Every line of the listing below from the one with "Here s a beautiful" up to and including the one with "This lovely and" should be retyped exactly, and nothing else; pictures are not part of the copy.

» **Given data**
:::::

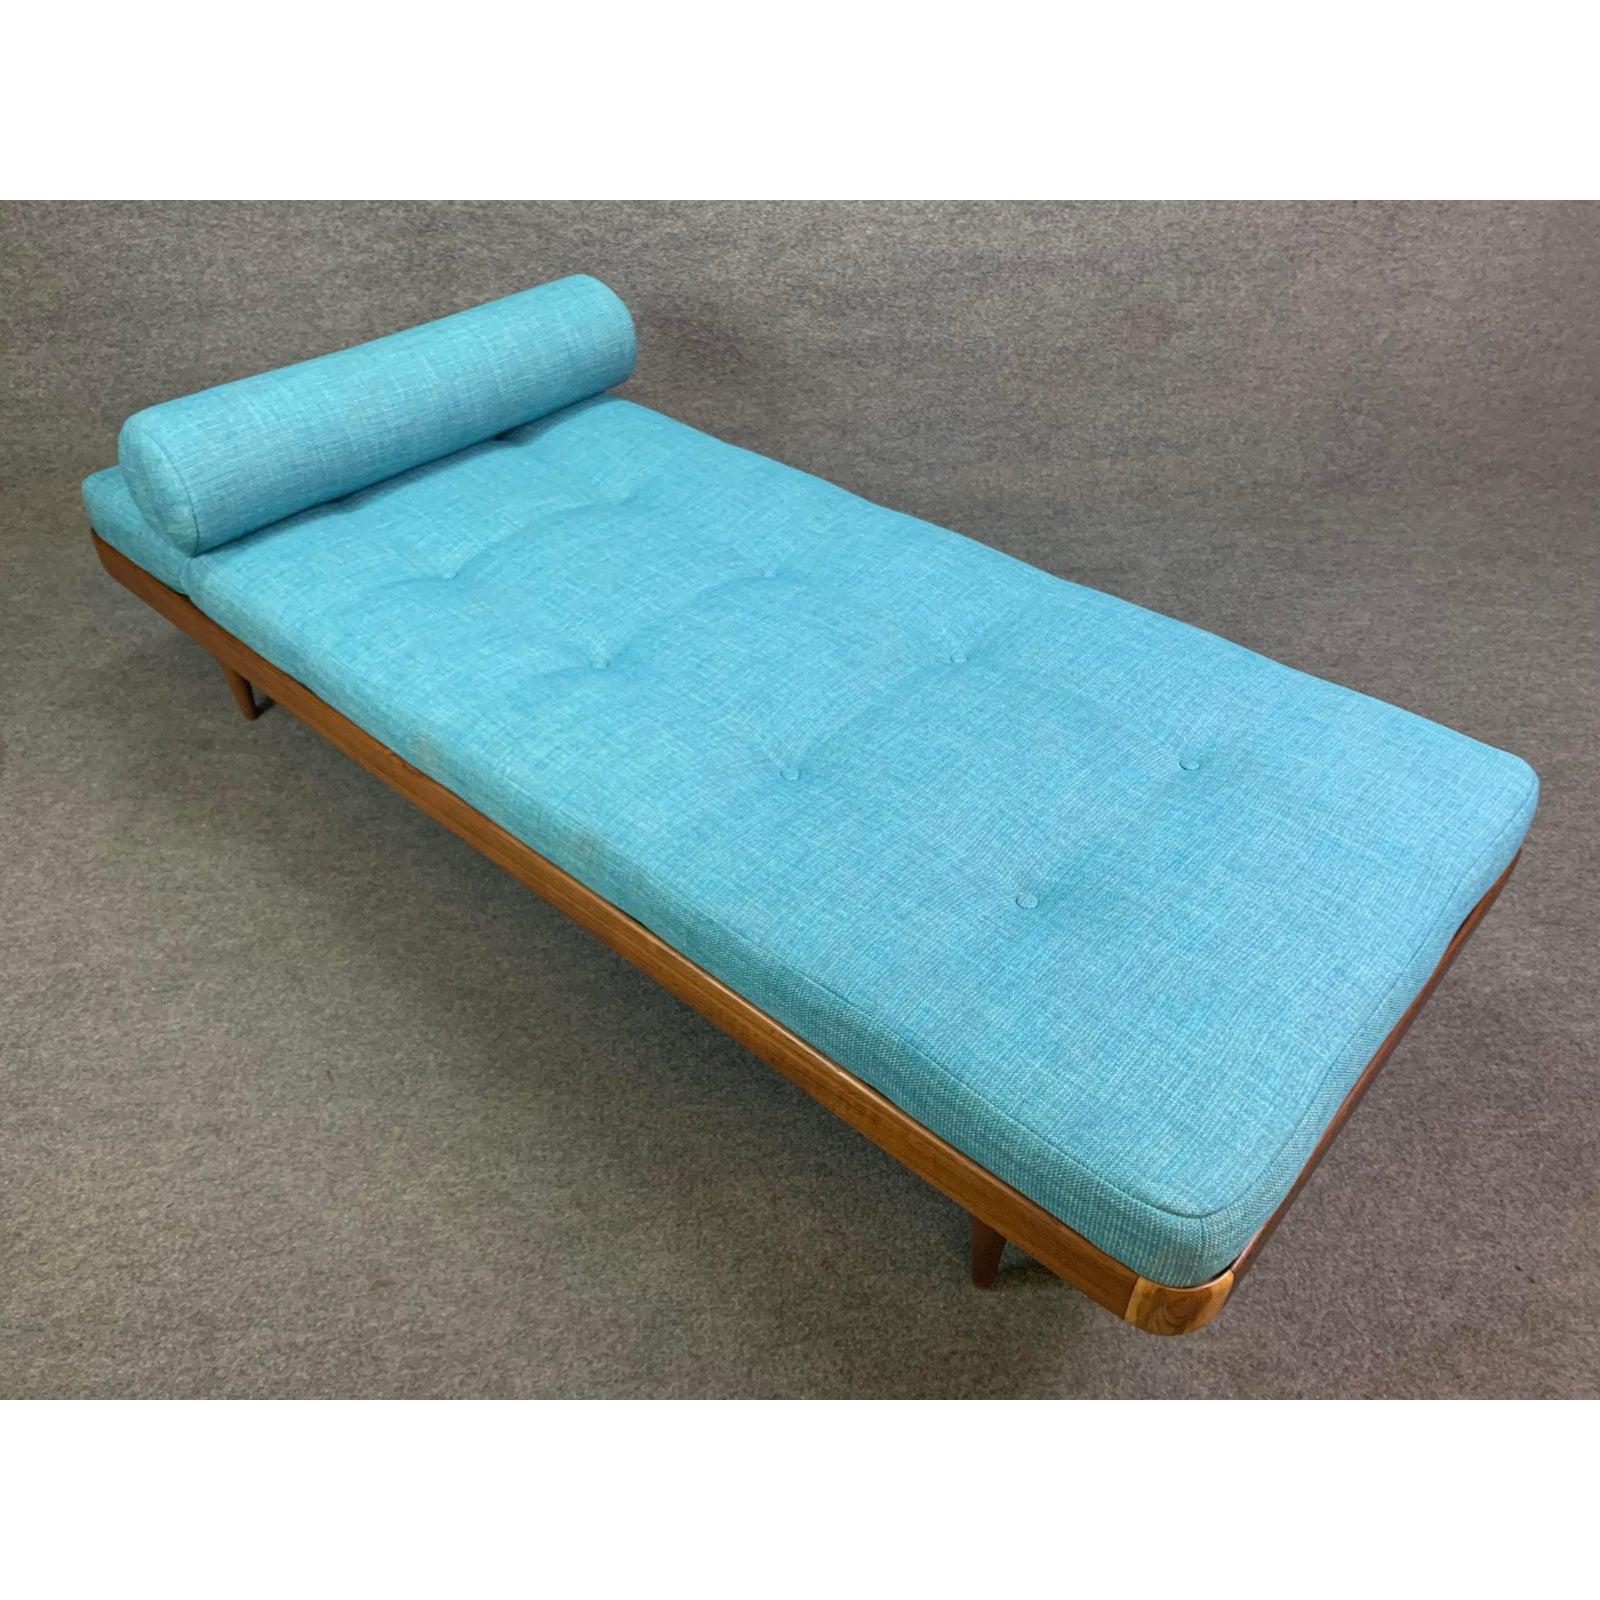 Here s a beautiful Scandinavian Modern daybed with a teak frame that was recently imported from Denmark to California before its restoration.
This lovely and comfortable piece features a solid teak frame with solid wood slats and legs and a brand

:::::

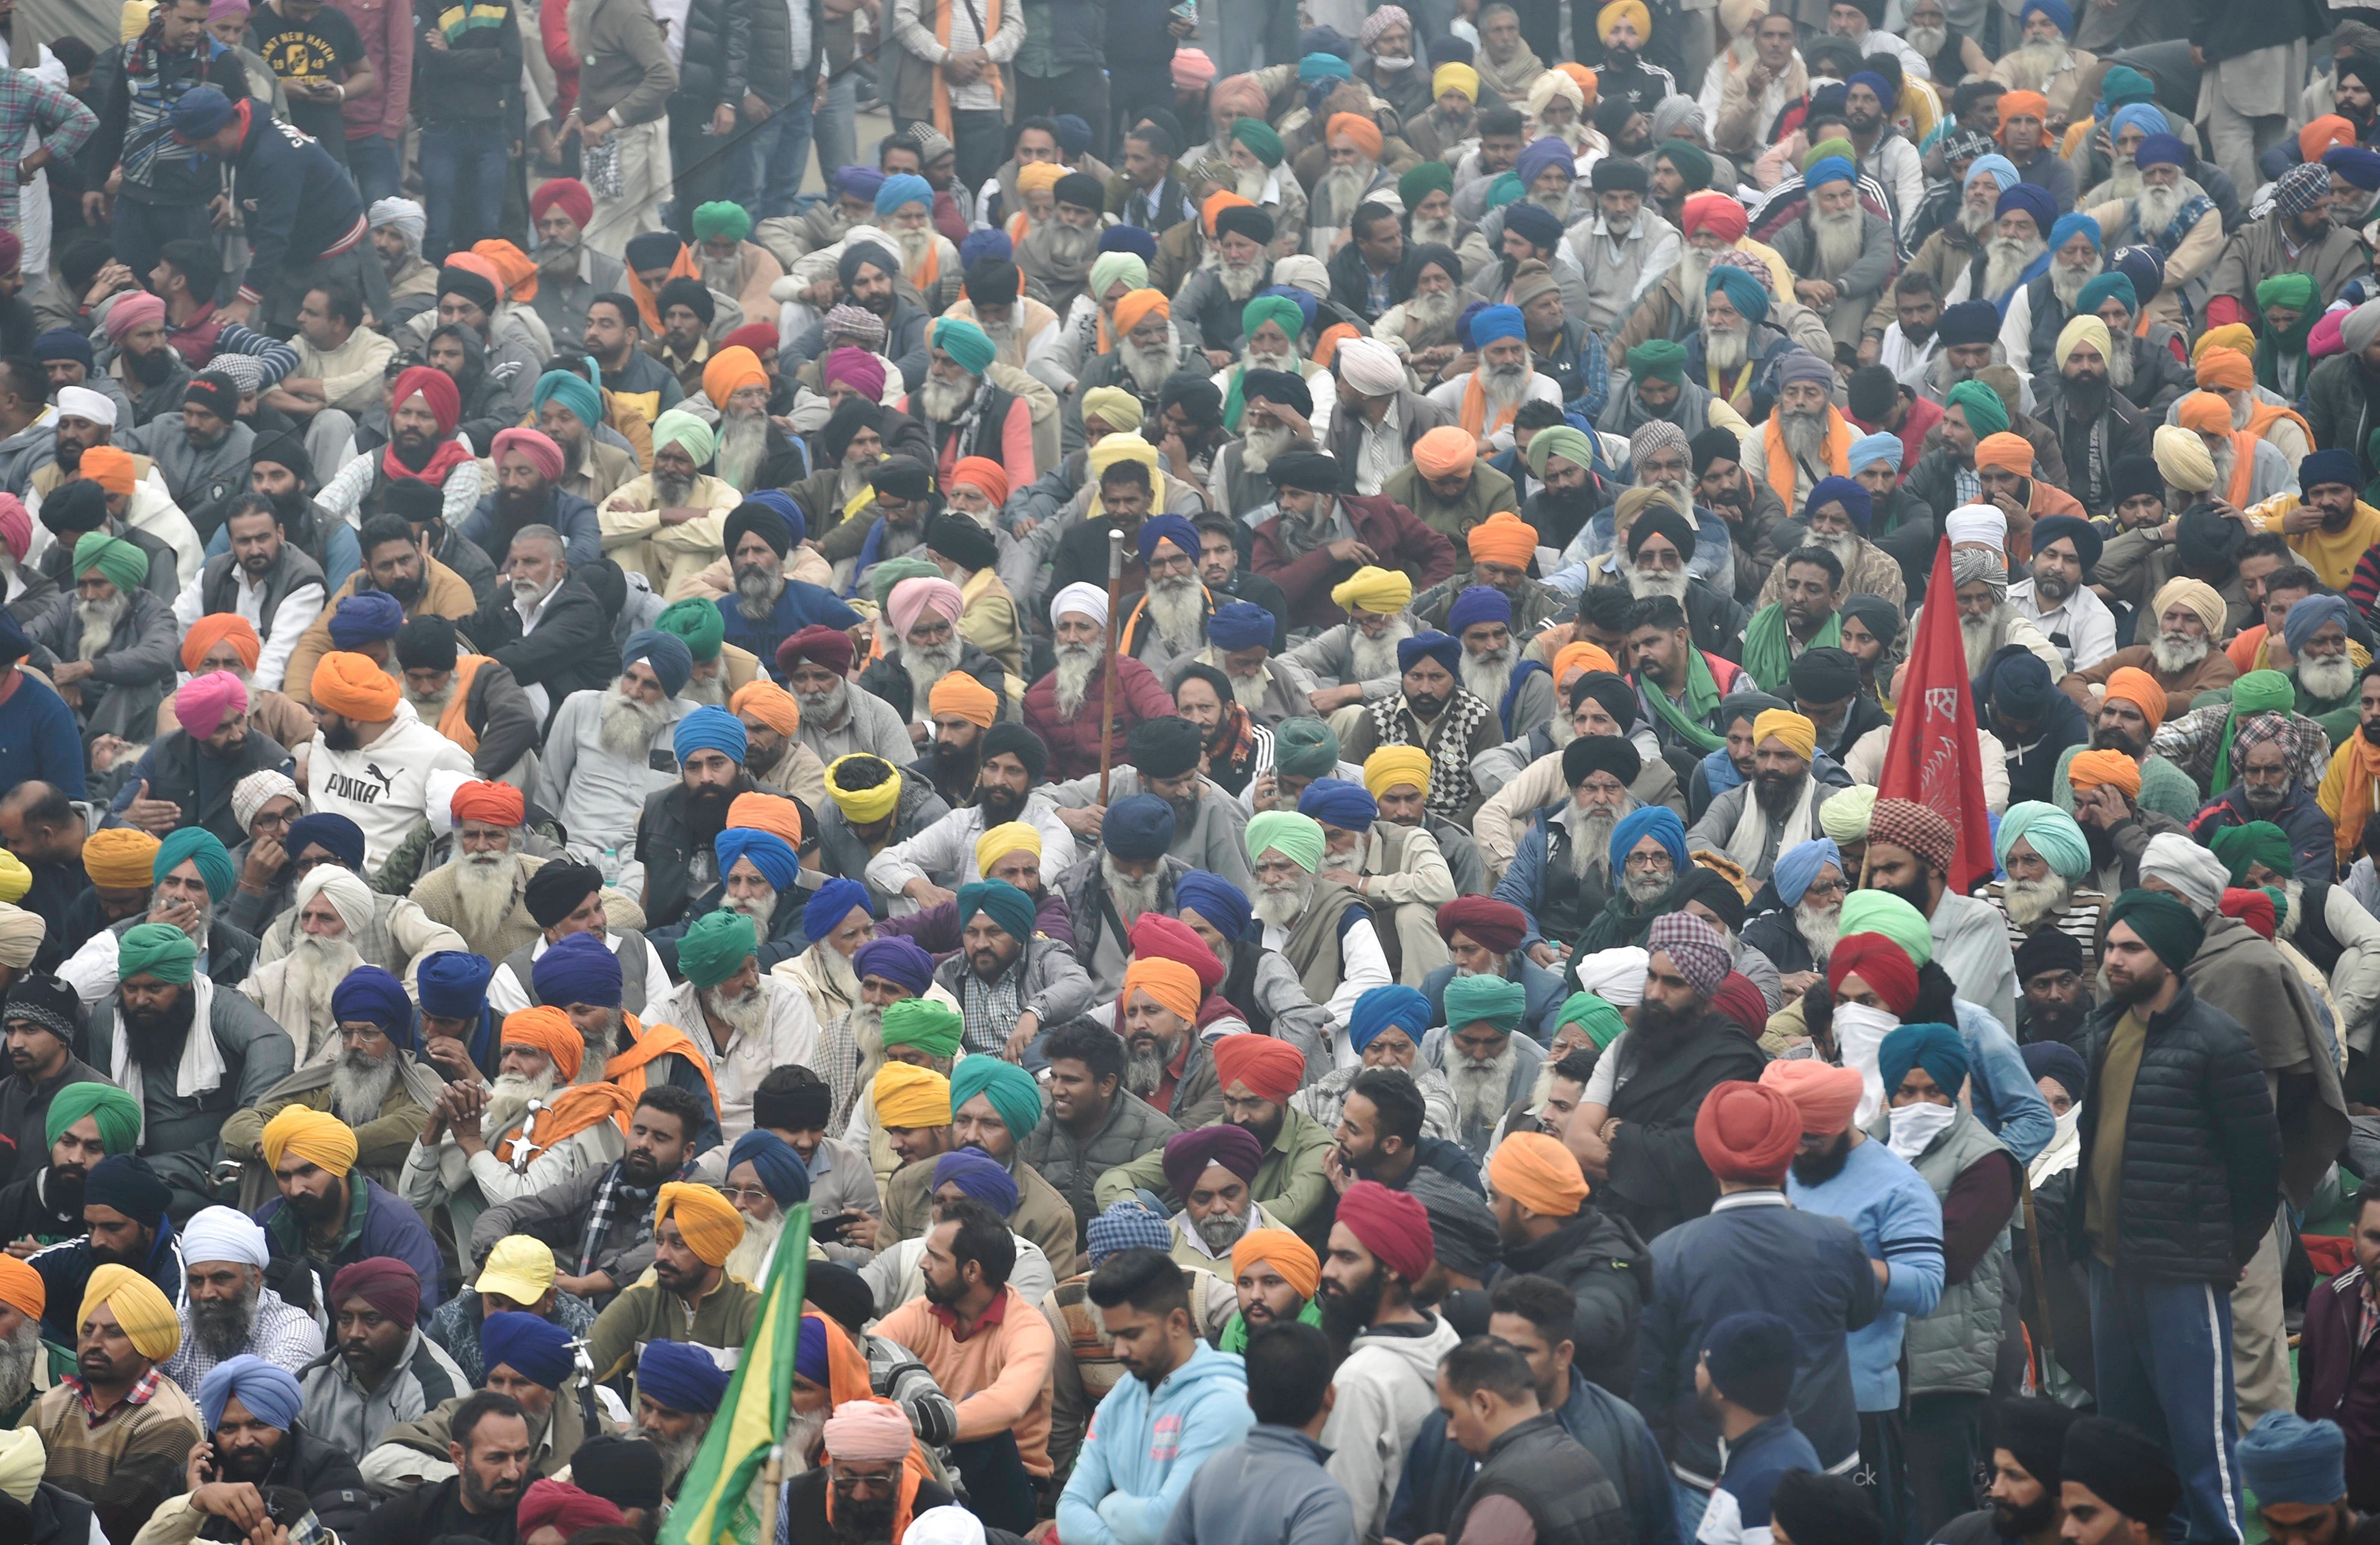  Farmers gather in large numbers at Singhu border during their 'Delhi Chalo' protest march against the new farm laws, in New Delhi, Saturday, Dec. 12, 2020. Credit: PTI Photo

:::::

» **Task output**
 Here s a beautiful Scandinavian Modern daybed with a teak frame that was recently imported from Denmark to California before its restoration.
This lovely and comfortable piece features a solid teak frame with solid wood slats and legs and a brand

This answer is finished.